Es así como ese territorio virgen queda dividido en zonas ficticias formadas por las distintas edades de nuestra vida: la adolescencia, la juventud, la madurez, la vetustez, cada una de las que debemos vivir obligatoriamente de cierta manera si deseamos ser admitidos por los demás y también integrarnos en los mecanismos sociales.

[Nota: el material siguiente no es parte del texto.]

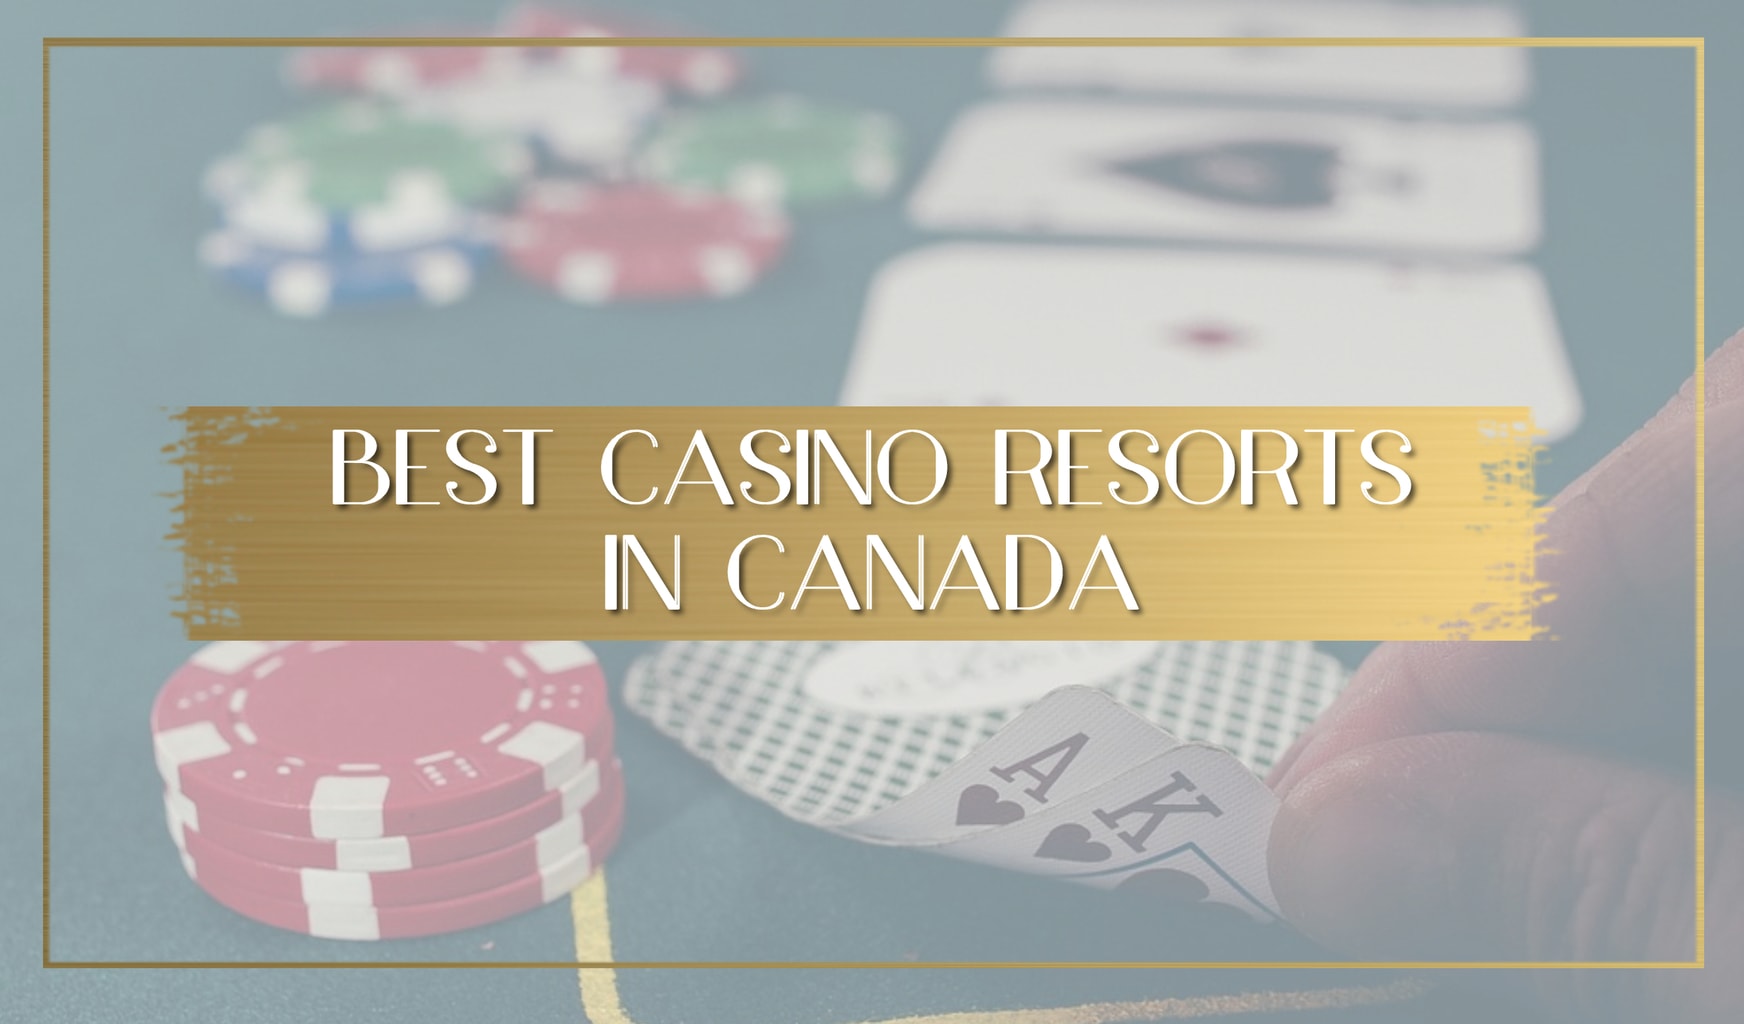 Best Casino Resorts in Canada main

La edad – Una herramienta de control
La edad se ha convertido en una de las herramientas más eficientes creadas por el Sistema para supervisar nuestras existencias.
Su función es acompasar nuestros pasos con los de los demás esclavos, hasta igualarnos a todos y transformar nuestras vidas en estructuras temporales clonadas perfectamente predecibles, tal y como si todos formáramos parte de un mismo mecanismo de relojería.
La sociedad usa nuestra edad para dictar los jalones que debemos conseguir conforme sus reglas de programación. Son como muescas en una tarjeta perforada, que sirven para programar todos nuestros actos futuros, como simples robots.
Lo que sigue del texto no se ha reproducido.